Genomic Data Has Become a Strategic Asset: Why High-Risk Laboratories Need to Act Now

This month, Sention presented on cyber-biosecurity at the prestigious Global Health Security Conference in Kuala Lumpur. As the first dedicated cyber-biosecurity workshop delivered at the conference, it highlighted how rapidly this emerging discipline is moving from a niche concern to a strategic priority for research institutions, public health laboratories and organisations handling high-consequence biological information.
One thing became clear: biology is becoming increasingly digital, and with that transformation comes a new category of risk.
For decades, laboratories have focused on biosafety and biosecurity to protect people and valuable biological materials. Today, however, a new challenge is emerging at the intersection of biology, digital technology and cybersecurity: cyber-biosecurity.
Cyber-biosecurity is not about replacing biosafety, biosecurity or cybersecurity. Rather, it is about recognising the gaps that exist between them and understanding how the increasing convergence of biology and digital technologies is creating new vulnerabilities.
As genomic sequencing, cloud platforms, artificial intelligence and international collaboration become central to modern science, laboratories are becoming increasingly connected and data-driven. While these advances are accelerating discovery, they are also creating new opportunities for cyber criminals and state-based actors seeking access to valuable scientific information.
Recent years have seen a sharp rise in cyber-attacks targeting healthcare, research and biotechnology organisations. Ransomware groups, cybercriminal syndicates and nation-state actors are no longer focused solely on financial institutions or government agencies. High-risk laboratories and genomic facilities are increasingly attractive targets because of the unique value of the information they hold.
Why Genomic Data Matters
Unlike many forms of information, genomic data cannot simply be changed or reissued. Once compromised, it remains sensitive indefinitely.
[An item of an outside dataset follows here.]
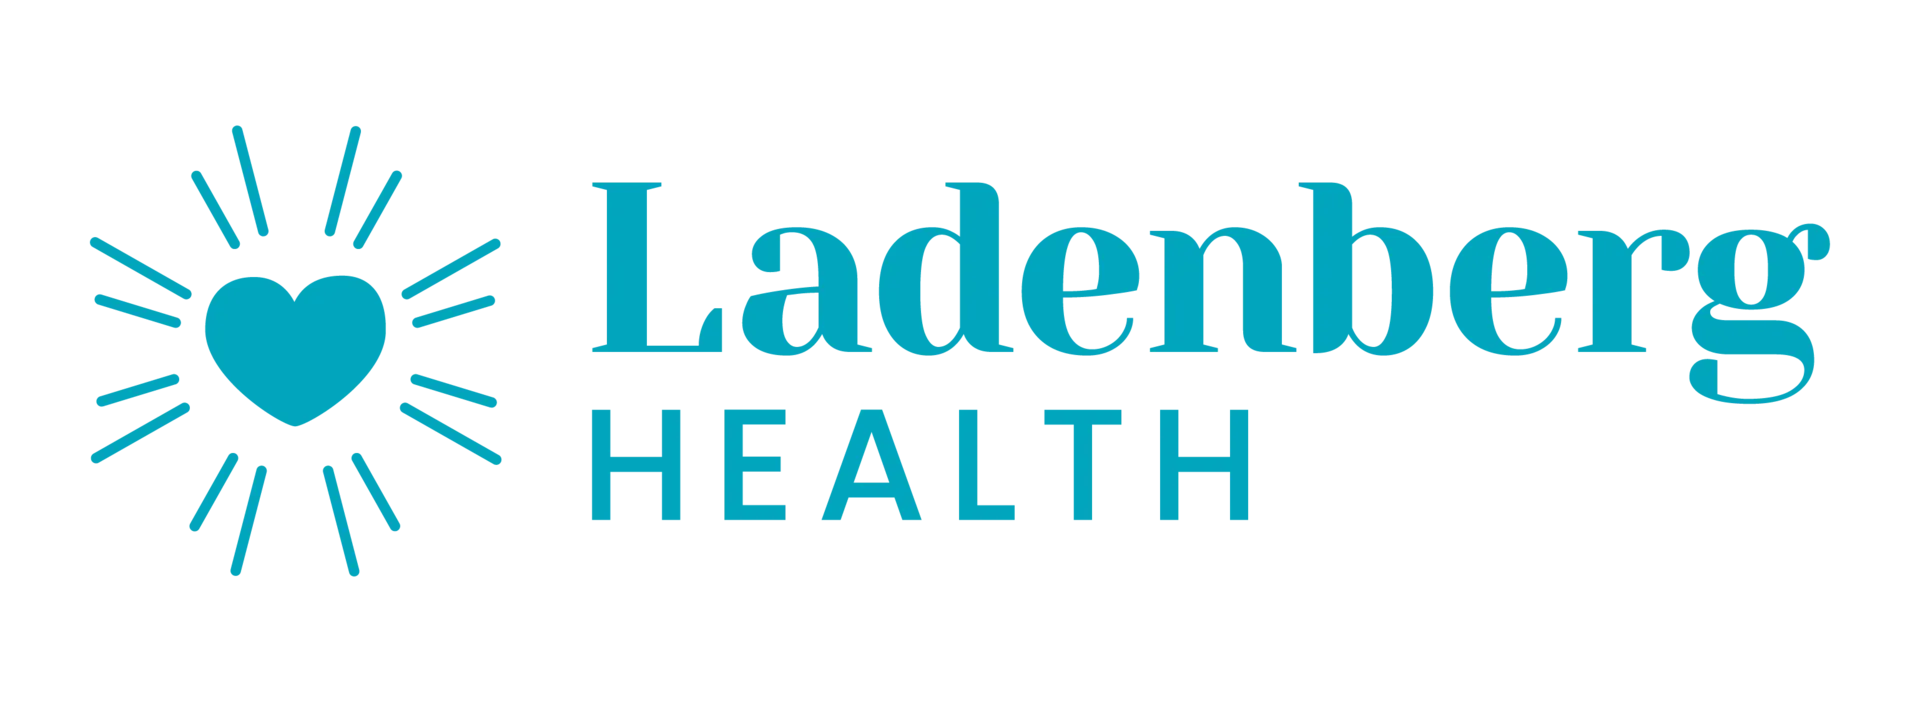 Ladenberg Health - Webbsida

Modern laboratories hold far more than DNA sequences. They also manage:
- Human and pathogen genomic data.
- Clinical trial information.
- Research intellectual property and unpublished findings.
- Diagnostic methodologies and analytical pipelines.
- AI models and bioinformatics tools.
- .International collaboration data and sensitive metadata.
- High-value biological inventories.
Together, these assets represent significant scientific, economic and strategic value.
For hostile actors, such information provides opportunities for espionage, intellectual property theft, competitive advantage and, potentially, deliberate manipulation and misuse. In an era of increasing strategic competition, biological data is increasingly recognised as having significant scientific, economic and strategic value.
The Consequences Extend Beyond a Cyber Incident
The impact of a cyber-attack on a laboratory goes far beyond temporary system outages.
Loss or corruption of data can undermine years of research and delay scientific outcomes. Manipulation of analytical pipelines or genomic files can compromise scientific integrity and erode confidence in results. Operational disruptions can interrupt diagnostics, surveillance programs and public health responses.
The consequences are also financial. Research delays, system recovery, regulatory obligations and reputational damage can impose significant costs on organisations.
Beyond the immediate operational and financial impacts, cyber incidents can undermine confidence in scientific outputs and erode trust among patients, research participants, collaborators and funding bodies.
Cyber-Biosecurity Is Becoming a Leadership Issue
Cyber-biosecurity is no longer solely an IT problem. Protecting valuable biological assets requires scientists, bioinformaticians, laboratory managers and technology teams to work together. Governance, cybersecurity and biosafety disciplines must increasingly converge.
Laboratory leaders should be asking:
- Which biological and digital assets are most valuable?
- What would be the impact if they were lost, stolen or manipulated?
- How secure are our cloud environments, vendors and collaborators?
- Could scientific data be altered without detection?
- Are our scientific and IT communities working together to manage risk?
Why Action Is Needed Now
The question is no longer whether research organisations and laboratories will be targeted, but whether they recognise that the convergence of biology and digital technologies has created vulnerabilities that traditional approaches were never designed to address.
Cyber-biosecurity is not simply about adding another layer of cybersecurity. It is about understanding where biological and digital risks intersect and ensuring that the experts responsible for managing them are working together.
For too long, cybersecurity and the life sciences have operated as separate disciplines. Yet genomic sequencing, AI-enabled research, cloud platforms and increasingly connected laboratory environments mean those boundaries are rapidly disappearing.
Addressing these risks requires breaking down traditional silos and bringing together scientists, bioinformaticians, laboratory leaders and cybersecurity professionals.
Cyber-biosecurity represents a convergence of two disciplines that have historically evolved independently.
As biology becomes increasingly digital, the challenge is no longer simply protecting biological materials or information systems in isolation. It is understanding where these worlds intersect and ensuring that the communities responsible for managing them are working together.